R v JH

Case

[2018] NSWDC 65

16 March 2018

No judgment structure available for this case.

District Court


New South Wales

Medium Neutral Citation: R v JH [2018] NSWDC 65
Hearing dates: 12 March 2018
Decision date: 16 March 2018
Jurisdiction:Criminal
Before: Mahony SC DCJ
Decision:

Accused held unfit to stand trial

Catchwords: Fitness to be tried; “Presser” criteria
Legislation Cited: Crimes Act 1900
Mental Health (Forensic Provisions) Act 1990
Cases Cited: R v Kesavarah (1994) 181 CLR 230; [1994] HCA 41
R v Presser (1958) ALR 128
Category:Principal judgment
Parties: Director of Public Prosecutions (Crown)
JH (Accused)
Representation: B Queenan (Crown
S Walsh (Accused)
File Number(s): 16/229544
Publication restriction: S 7 Suppression and Non-Publication Order for identity of Accused and Complainants

inquiry into the fitness of the accused to stand trial

Introduction

  1. On 12 March 2018 an inquiry was held under the provisions of the Mental Health (Forensic Provisions) Act 1990 (“MHFPA”) as to the fitness of the accused to stand trial on seven charges contained in an Indictment.

  2. The accused had not been arraigned on that Indictment and I determined, pursuant to s 8 of the MHFPA, that an inquiry should be conducted before the hearing of the proceedings in respect of the offences contained in the Indictment.

  3. Section 11 of the MHFPA provides that the question of a person’s unfitness to be tried for an offence is to be determined by Judge alone.
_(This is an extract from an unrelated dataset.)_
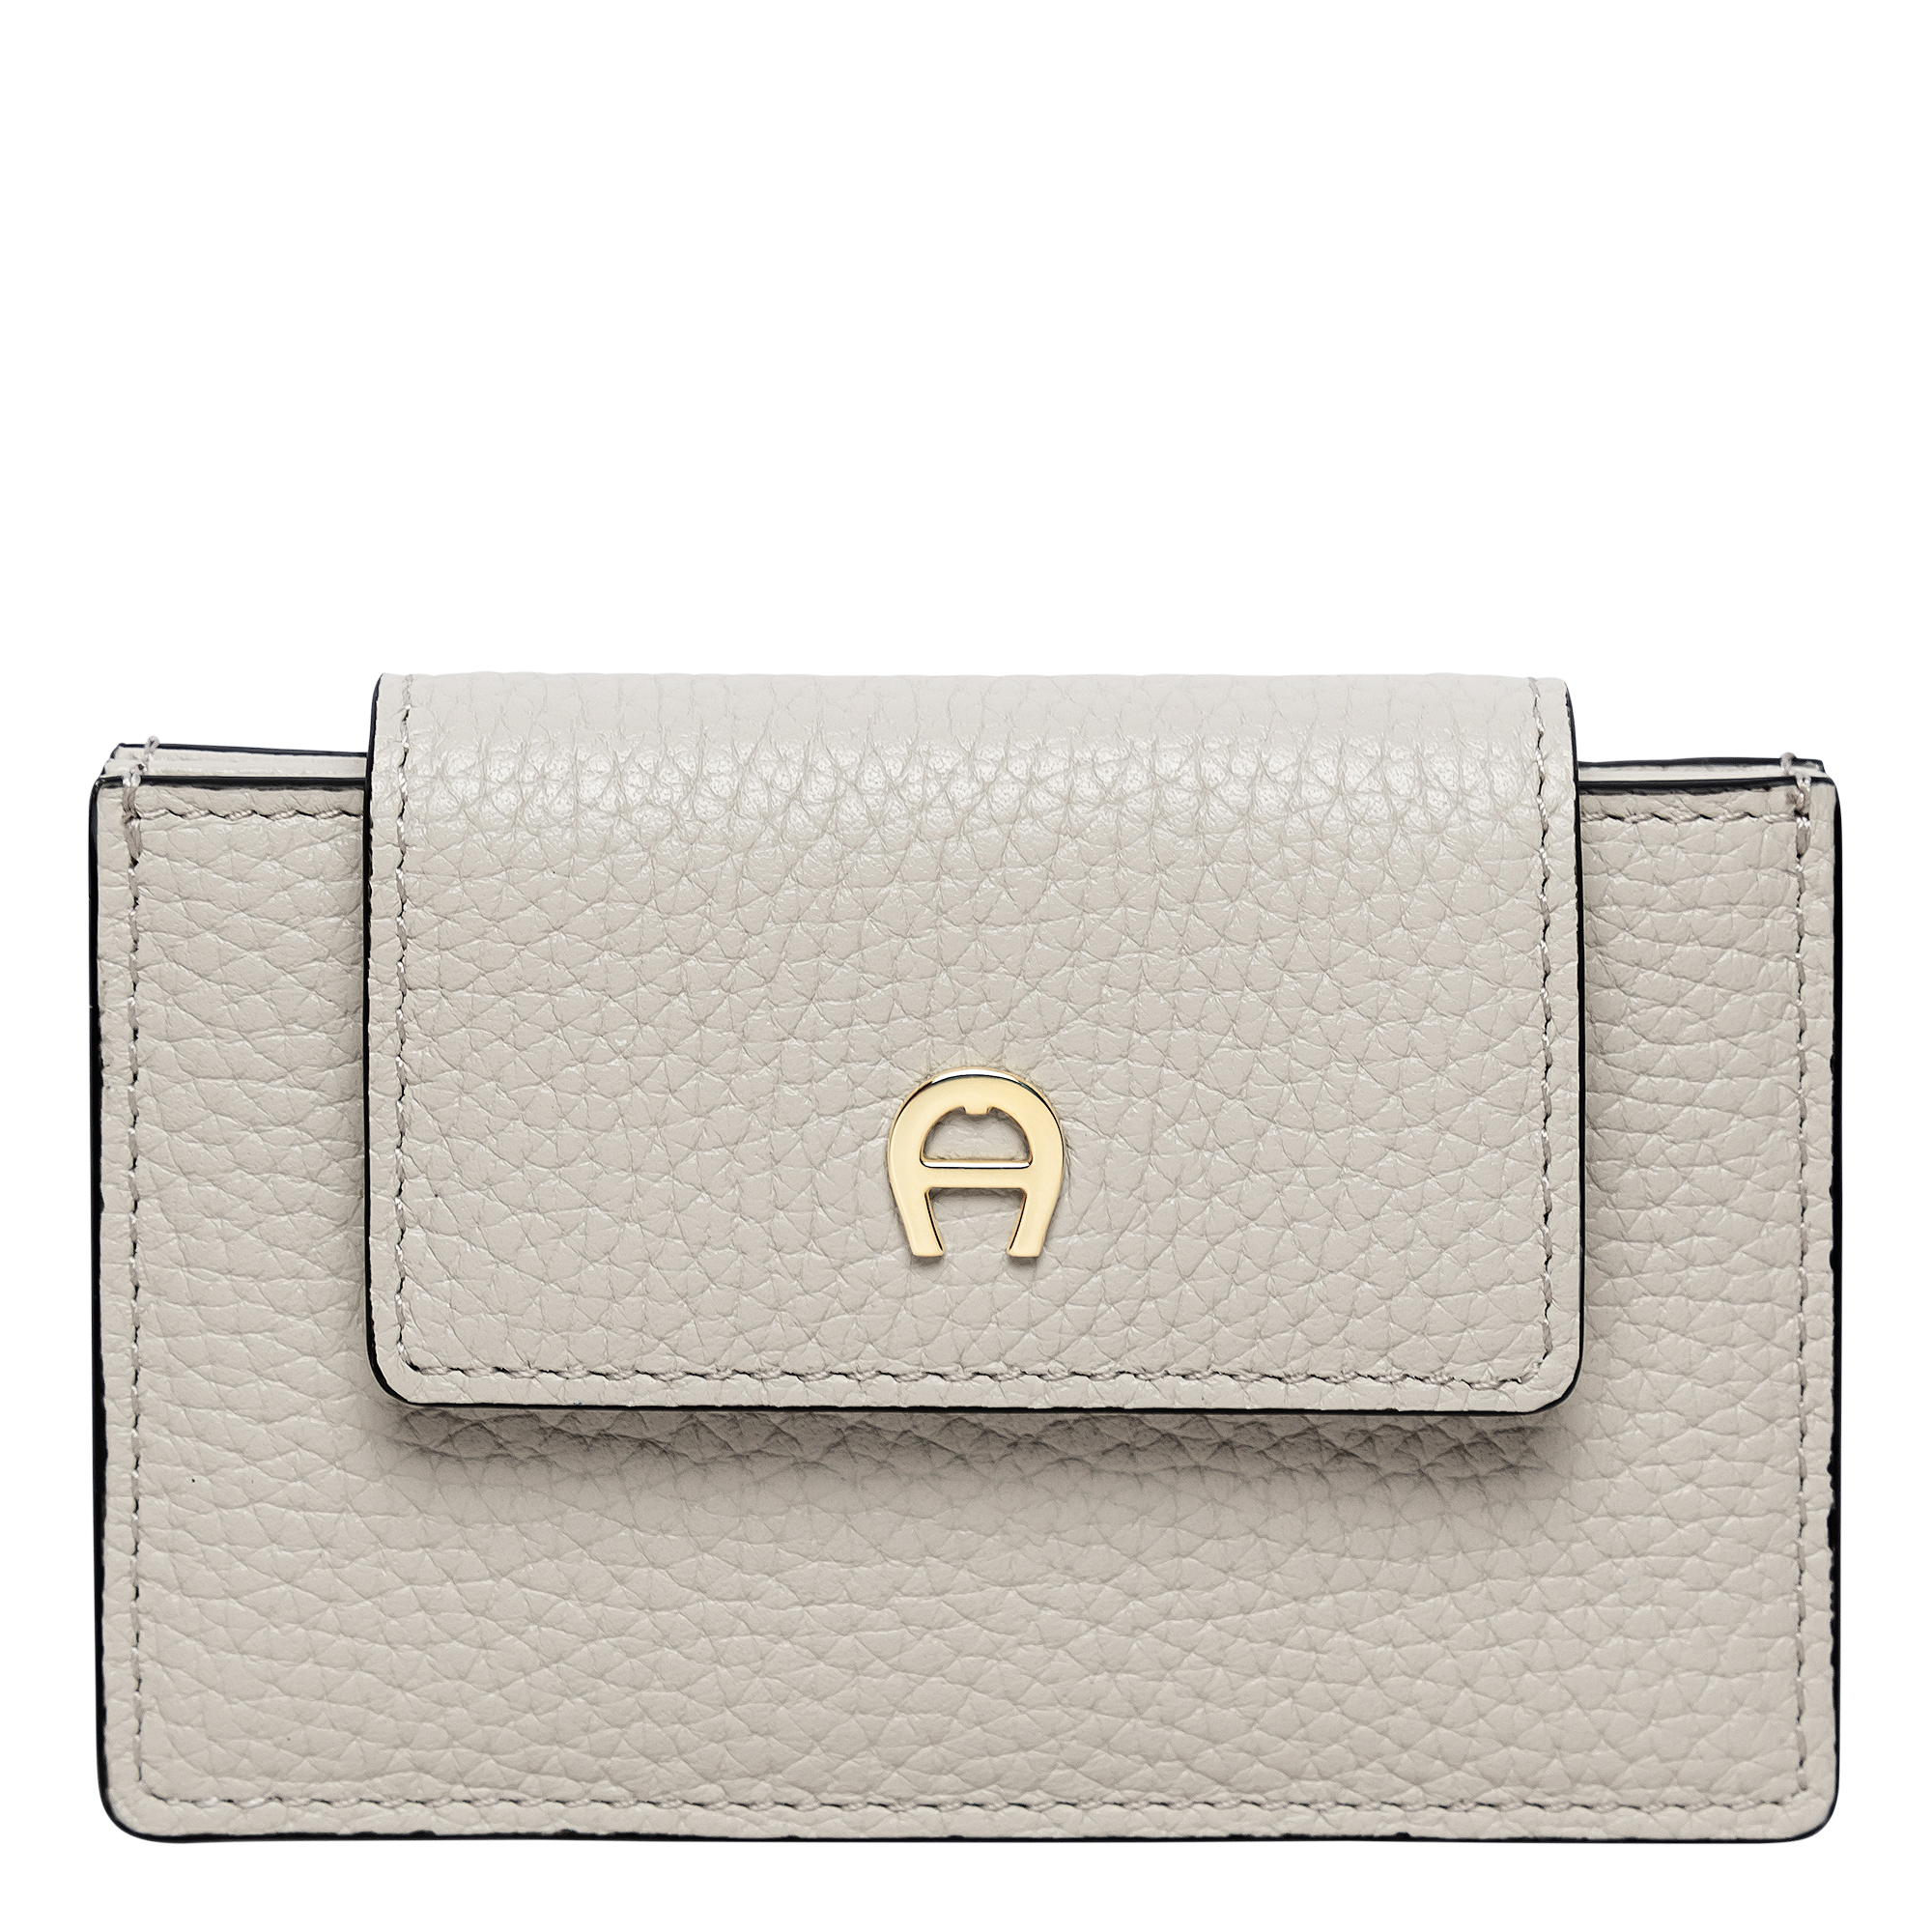 Multicolored Leather Women's Wallet – Online Shopping Website
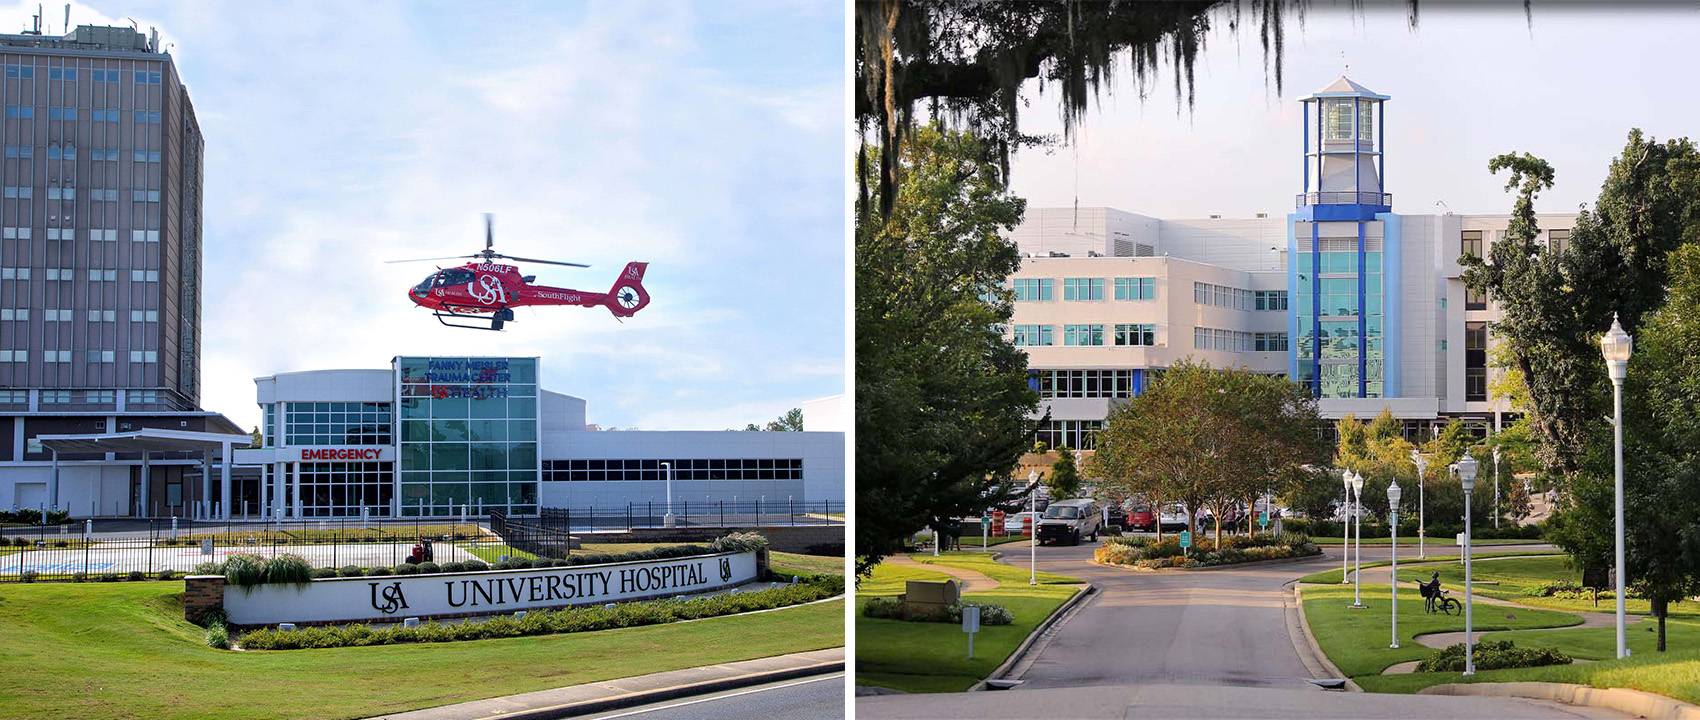 USA Health University Hospital and USA Health Children's & Women's Hospital

Section 11(2) provides that any determination must include the principles of law applied by the Judge and the findings of fact on which the Judge relied. Section 12 provides that the inquiry is not to be conducted in an adversary manner and that the onus of proof does not rest on any particular party.

  4. At the conclusion of the inquiry into the accused’s fitness to be tried, I determined that I had come to a conclusion that the accused was unfit to be tried and that I would deliver my reasons on Friday 16 March 2018, as I was presiding over a busy list on circuit in Taree, with a trial due to commence. The following reasons include the principles of law relied on by me and my findings of fact.

Evidence on the fitness inquiry

  1. The Crown case included the Crown case statement which became Ex A, a report of Dr Steven Allnutt dated 5 June 2017 (Ex B), and report of Dr Susan Pulman dated 22 February 2018 (Ex C).

  2. The accused relied on a report of Ms Laura Durkin, clinical and forensic psychologist dated 20 February 2017 (Ex 1).

The Crown case

  1. Each of the seven charges on the Indictment occurred on 24 July 2016. They involved two complainants, TW, aged 10 years, who had a cognitive impairment and suffered from dyspraxia, and MC, who was eight years. The two complainants were friends and would regularly spend time with one another.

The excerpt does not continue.